↓
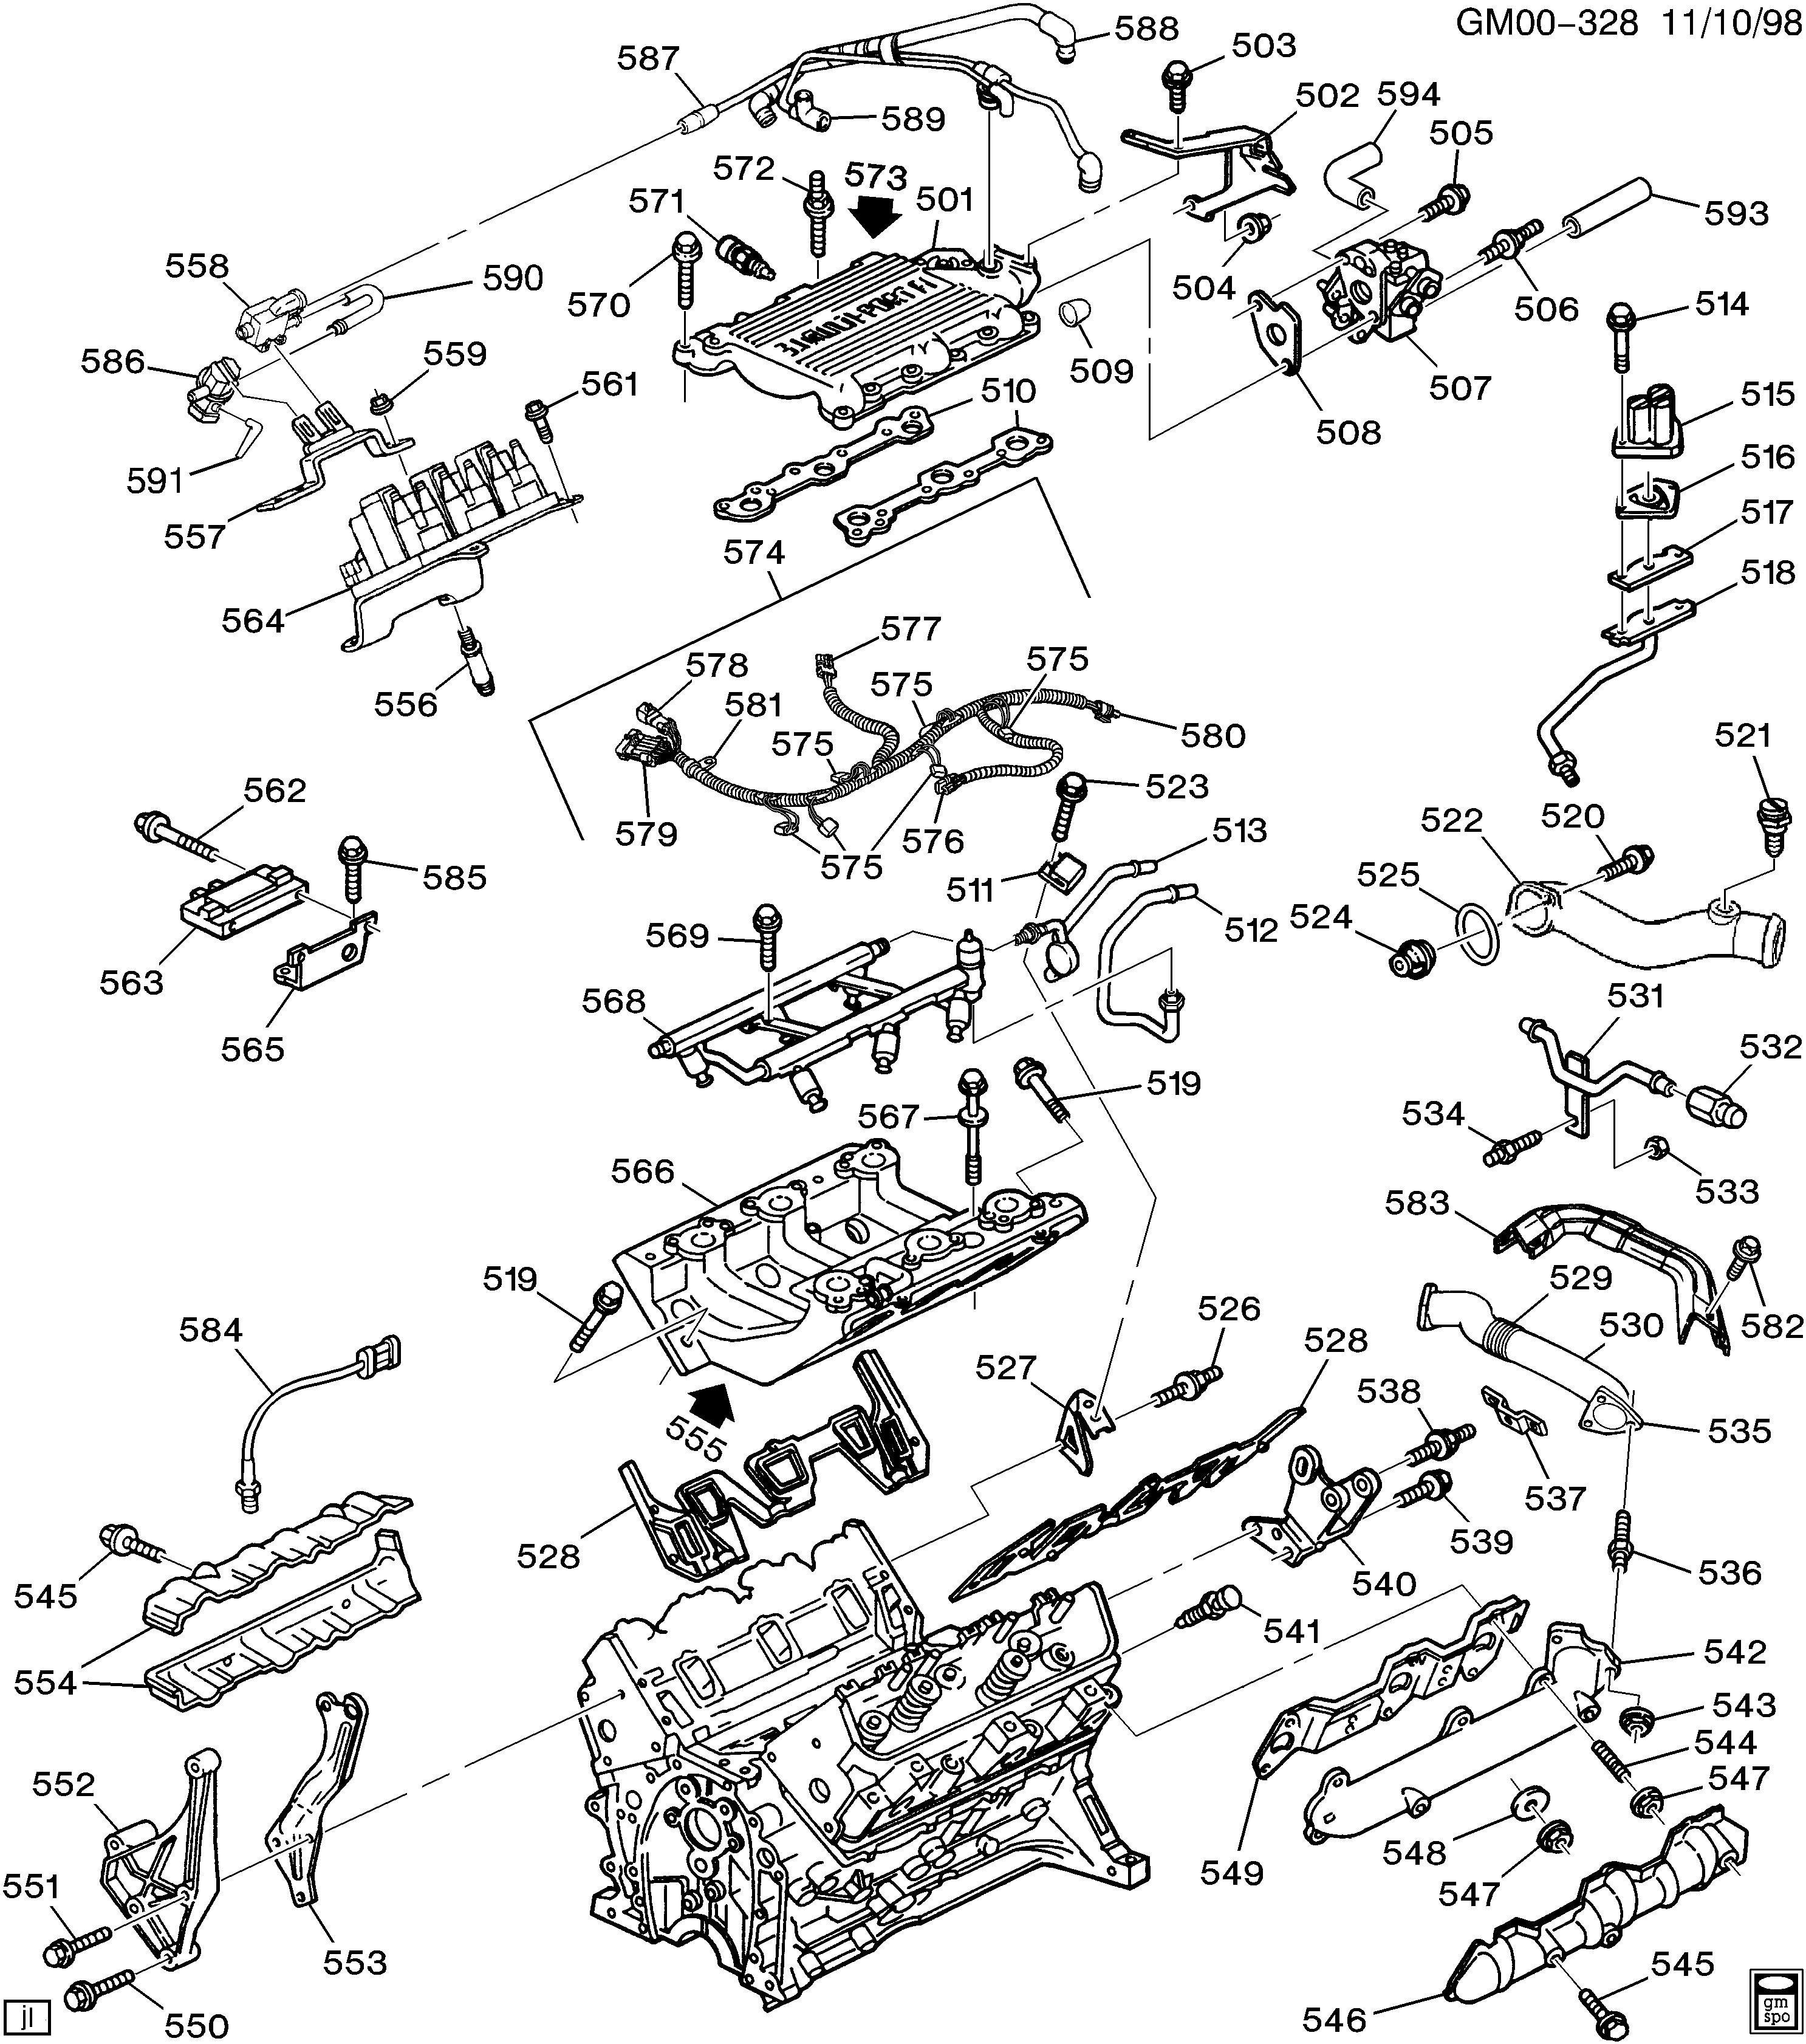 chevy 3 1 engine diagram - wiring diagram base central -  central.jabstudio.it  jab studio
↑
↓
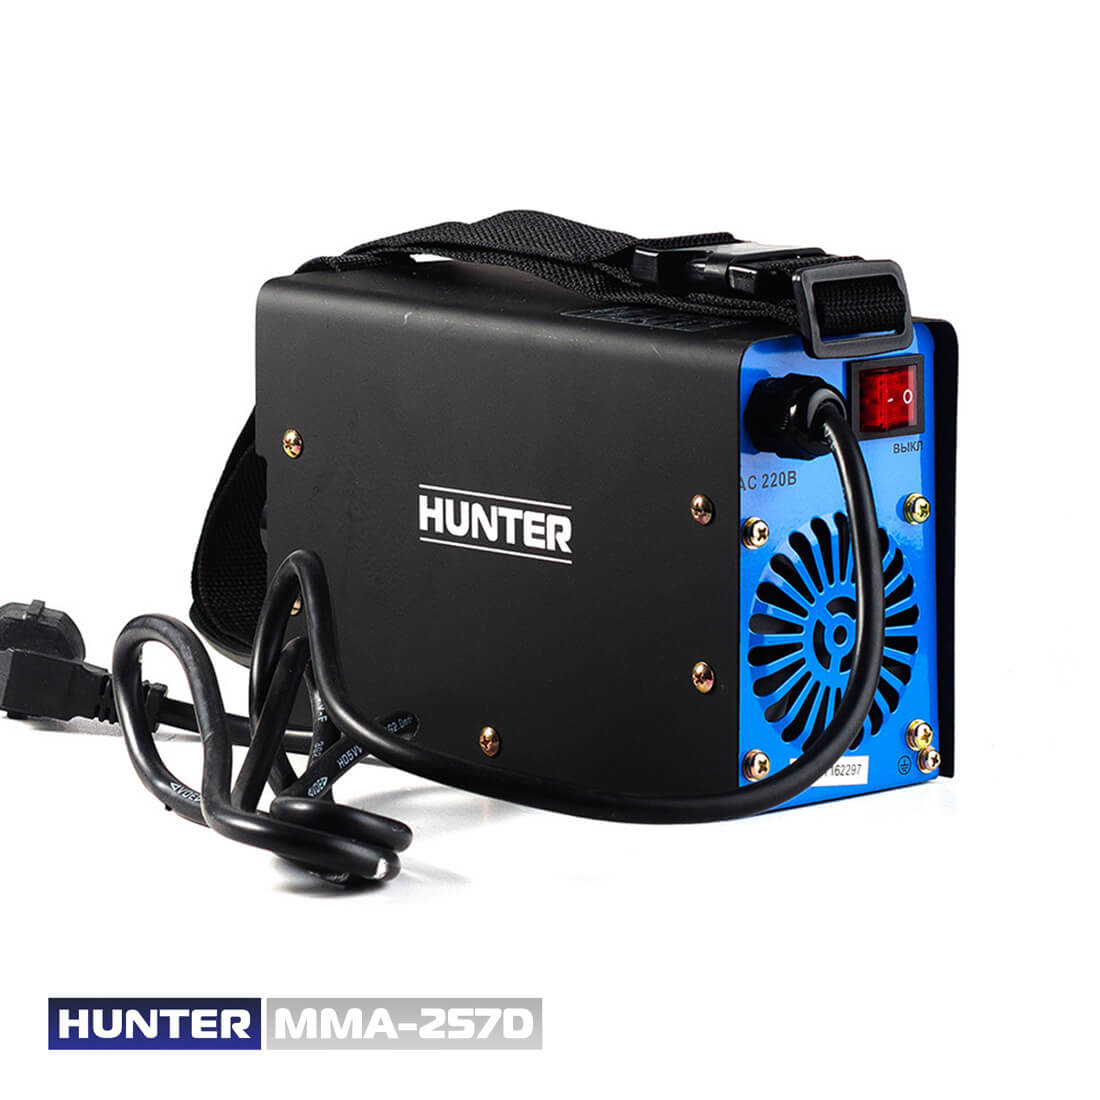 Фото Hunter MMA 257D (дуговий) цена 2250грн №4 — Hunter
↑
↓
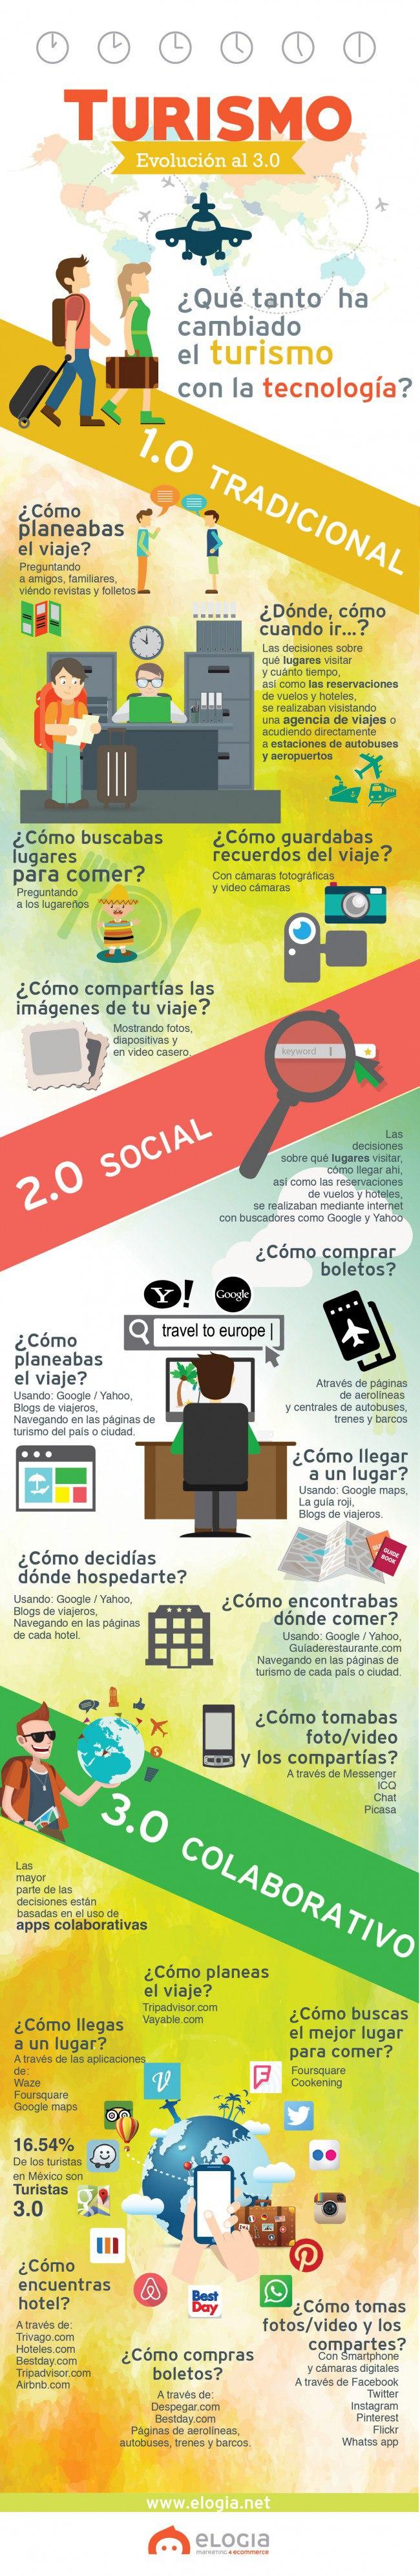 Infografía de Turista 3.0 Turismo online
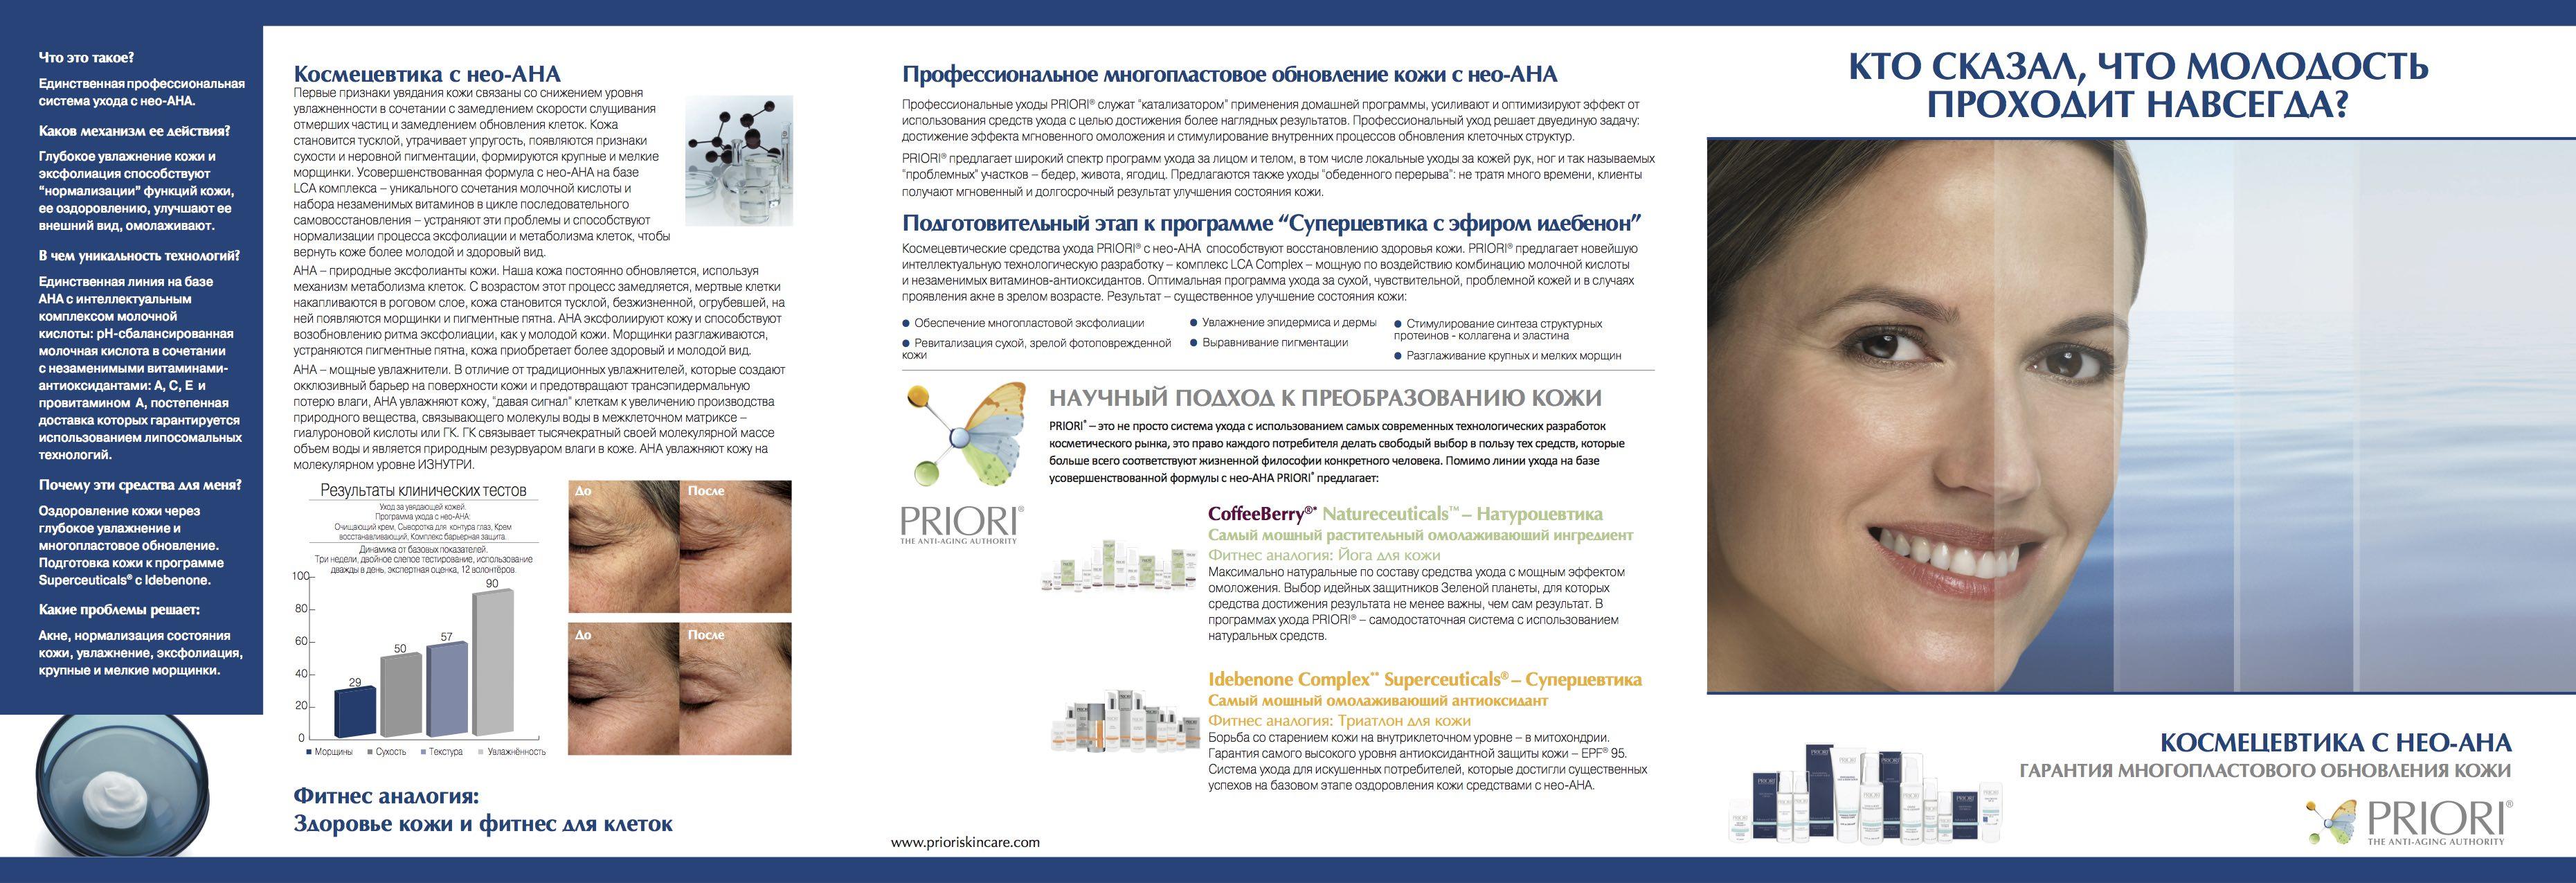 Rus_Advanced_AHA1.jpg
↑
◆ Task prompt: Starting at the line above with "Infografía de Turista 3.0 Turismo online", output every line exactly up to and including the line with "Rus_Advanced_AHA1.jpg", but none of the pictures.

◆ Solution to the problem:
 Infografía de Turista 3.0 Turismo online
 Rus_Advanced_AHA1.jpg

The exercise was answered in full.